Task item -
Read the data below. Every line holding the string "Roca" must be copied.

Dataset extract -
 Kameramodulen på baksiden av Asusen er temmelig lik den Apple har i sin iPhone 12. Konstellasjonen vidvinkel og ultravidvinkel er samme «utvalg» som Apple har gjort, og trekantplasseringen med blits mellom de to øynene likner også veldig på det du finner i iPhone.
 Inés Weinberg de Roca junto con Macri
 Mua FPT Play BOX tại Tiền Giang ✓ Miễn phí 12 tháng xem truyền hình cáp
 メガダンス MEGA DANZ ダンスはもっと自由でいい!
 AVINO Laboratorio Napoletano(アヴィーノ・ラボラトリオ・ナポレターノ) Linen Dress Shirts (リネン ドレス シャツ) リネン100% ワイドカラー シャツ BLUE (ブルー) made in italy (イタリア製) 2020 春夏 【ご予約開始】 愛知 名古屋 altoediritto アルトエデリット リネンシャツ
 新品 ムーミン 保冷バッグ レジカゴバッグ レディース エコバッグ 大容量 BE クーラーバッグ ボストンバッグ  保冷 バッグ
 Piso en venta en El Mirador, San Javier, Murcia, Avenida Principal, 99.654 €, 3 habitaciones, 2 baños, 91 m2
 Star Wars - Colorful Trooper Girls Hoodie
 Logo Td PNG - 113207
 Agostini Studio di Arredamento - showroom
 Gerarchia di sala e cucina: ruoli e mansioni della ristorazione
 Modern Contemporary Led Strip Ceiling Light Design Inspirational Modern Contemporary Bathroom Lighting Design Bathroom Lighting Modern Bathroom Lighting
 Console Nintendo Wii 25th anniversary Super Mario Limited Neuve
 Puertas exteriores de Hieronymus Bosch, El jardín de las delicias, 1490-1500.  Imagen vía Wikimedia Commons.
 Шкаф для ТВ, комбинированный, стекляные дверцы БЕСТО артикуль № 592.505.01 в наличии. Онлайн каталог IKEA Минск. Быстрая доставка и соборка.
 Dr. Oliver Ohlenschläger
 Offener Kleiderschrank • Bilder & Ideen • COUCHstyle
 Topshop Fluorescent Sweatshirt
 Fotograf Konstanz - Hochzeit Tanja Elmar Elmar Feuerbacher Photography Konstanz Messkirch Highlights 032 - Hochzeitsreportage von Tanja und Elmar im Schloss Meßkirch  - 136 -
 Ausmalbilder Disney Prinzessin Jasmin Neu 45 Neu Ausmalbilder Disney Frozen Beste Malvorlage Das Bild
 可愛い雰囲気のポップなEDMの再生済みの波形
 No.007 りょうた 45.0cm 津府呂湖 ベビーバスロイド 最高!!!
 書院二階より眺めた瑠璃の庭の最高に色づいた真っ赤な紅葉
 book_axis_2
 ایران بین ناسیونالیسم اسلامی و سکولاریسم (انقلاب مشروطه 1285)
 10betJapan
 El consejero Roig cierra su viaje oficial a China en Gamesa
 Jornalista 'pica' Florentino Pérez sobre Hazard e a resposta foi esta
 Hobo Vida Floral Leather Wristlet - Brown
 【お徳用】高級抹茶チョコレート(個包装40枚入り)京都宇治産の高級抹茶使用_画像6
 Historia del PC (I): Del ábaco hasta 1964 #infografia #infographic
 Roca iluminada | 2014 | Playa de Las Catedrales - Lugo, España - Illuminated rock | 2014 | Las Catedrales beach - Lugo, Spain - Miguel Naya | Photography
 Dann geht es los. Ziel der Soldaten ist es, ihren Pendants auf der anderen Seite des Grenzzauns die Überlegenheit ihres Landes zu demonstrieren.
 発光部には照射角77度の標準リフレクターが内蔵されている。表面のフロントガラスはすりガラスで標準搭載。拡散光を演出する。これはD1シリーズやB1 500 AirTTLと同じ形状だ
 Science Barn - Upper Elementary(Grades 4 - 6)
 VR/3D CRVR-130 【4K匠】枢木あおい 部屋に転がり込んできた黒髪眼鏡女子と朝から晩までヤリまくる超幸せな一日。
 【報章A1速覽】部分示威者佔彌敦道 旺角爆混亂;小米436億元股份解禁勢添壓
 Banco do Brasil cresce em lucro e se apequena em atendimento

Exercise solution -
 Inés Weinberg de Roca junto con Macri
 Roca iluminada | 2014 | Playa de Las Catedrales - Lugo, España - Illuminated rock | 2014 | Las Catedrales beach - Lugo, Spain - Miguel Naya | Photography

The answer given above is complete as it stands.